Study Finds Docetaxel May Benefit Some Patients With Prostate Cancer
Posted: Wednesday, May 29, 2019
Overall survival, distant metastasis, and disease-free survival rates were all significantly improved in men with high-risk localized prostate cancer when docetaxel chemotherapy was given as an adjuvant therapy to standard long-term androgen suppression plus radiotherapy, compared with men who did not receive the chemotherapy. Seth A. Rosenthal, MD, of Sutter Cancer Centers in Sacramento, California, and colleagues published the results of the phase III, multicenter, randomized NRG Oncology RTOG 0521 study in the Journal of Clinical Oncology.
Between 2005 and 2009, 612 patients were enrolled, and 563 were evaluable. Their mean prostate-specific antigen level was 15.1 ng/mL, and 53% had a Gleason score 9 to 10 cancer.

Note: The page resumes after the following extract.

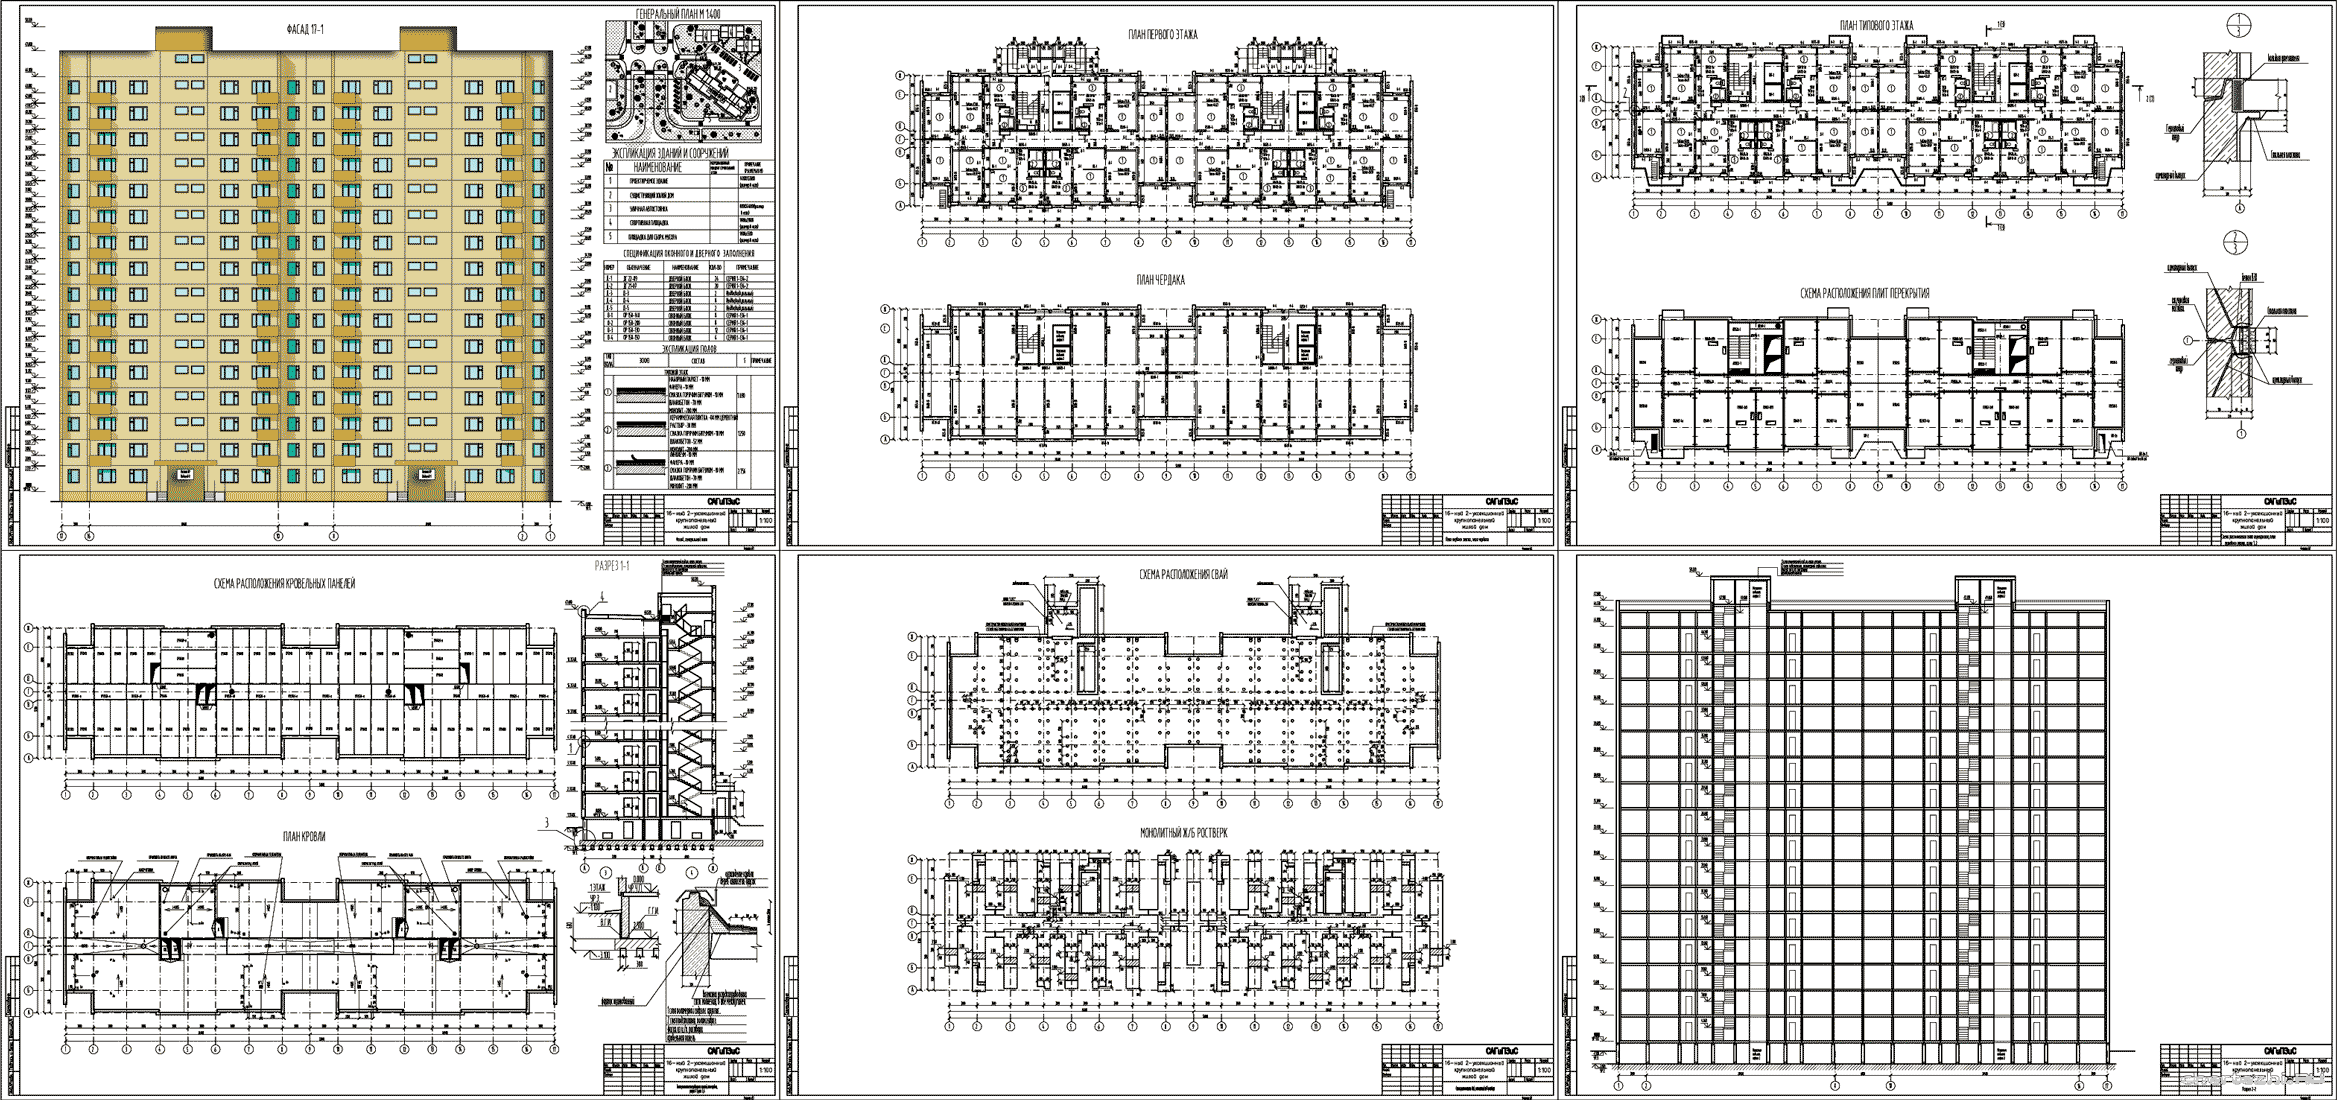 Курсовой проект - 16-ти этажный 2-х секционный крупнопанельный жилой дом 52,8 х 14,1 м в г. Сургут

After a median follow-up of 5.7 years, the patients in the chemotherapy arm had a 4-year overall survival rate of 93%, versus 89% in the control arm (one-sided P = .034). The 6-year rate of distant metastasis was 9.1% for the chemotherapy recipients versus 14.0% for the controls (two-sided P = .044). Finally, the 6-year disease-free survival rate was 65% for those who received docetaxel versus 55% for those who did not (two-sided P = .043).
Since this trial was designed, additional studies “have examined the role of docetaxel chemotherapy earlier in the clinical course of prostate cancer,” noted Dr. Rosenthal and co-investigators. However, the men in their study had more aggressive disease than those in the others, in which docetaxel was shown to have a beneficial impact of less significance. In RTOG 0521, 84% of patients “had a Gleason score 8 to 10 disease, whereas a majority of patients in [the others] had a Gleason score less than or equal to 7 disease…. These differences underscore the need to select high-risk patients with the most aggressive disease when considering treatment with adjuvant docetaxel,” concluded the team.
Disclosure: The study authors’ disclosure information may be found at ascopubs.org.